Labanoras ([ɫaba'noːras]), is a small town within the Labanoras Regional Park in Lithuania. It is situated on Labanoras Lake and is surrounded by the Labanoras Regional Park, the largest regional park in Lithuania. As a center of the Labanoras Park, the town attracts tourists. A hotel and restaurant were opened in a former school building in 2003. According to the Lithuanian census of 2011, the town had 59 residents.

==History==
In other languages, Labanoras is referred to as: Labanary, Labanoro, Łabonary, and Labanore (Yiddish).
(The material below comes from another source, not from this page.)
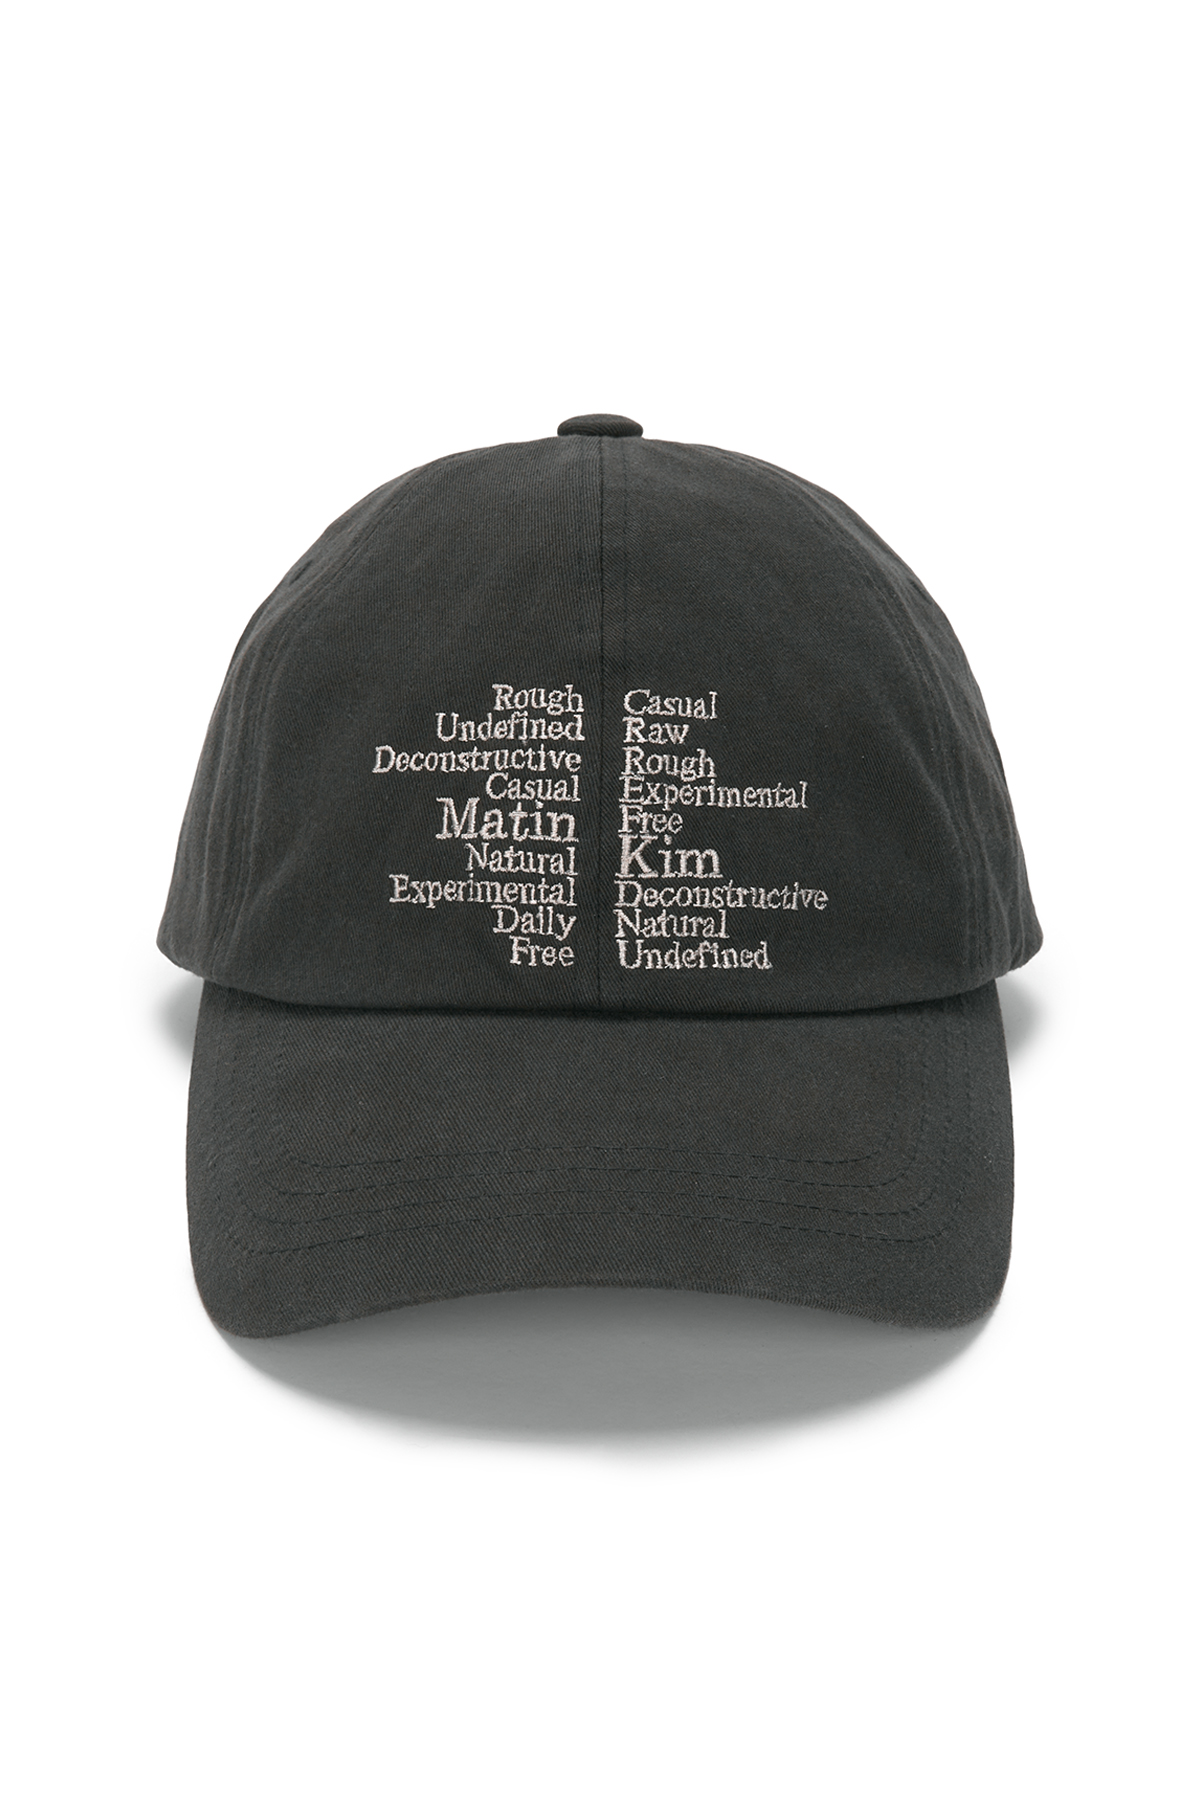 KEYWORD LETTERING BALL CAP IN CHARCOAL

The settlement is known from 1373. In 1386, Grand Duke Jogaila gifted Labanoras and other settlements to the newly established Diocese of Vilnius. In 1965 a hoard of about 470 coins was found near the town cemetery. It contained Prague groschen minted by Charles IV (1316–1378) and Wenceslaus (1361–1419) as well as early coins from the Grand Duchy of Lithuania by Vytautas (1350–1430) and Casimir IV Jagiellon (1427–1492). It is believed that the treasure was buried during the 1470s. The first church was mentioned in 1522, folwark in 1539, manor in 1568, parish school in 1781. The town had 196 residents in 1866, 443 in 1923, 264 in 1959, and 186 in 1979.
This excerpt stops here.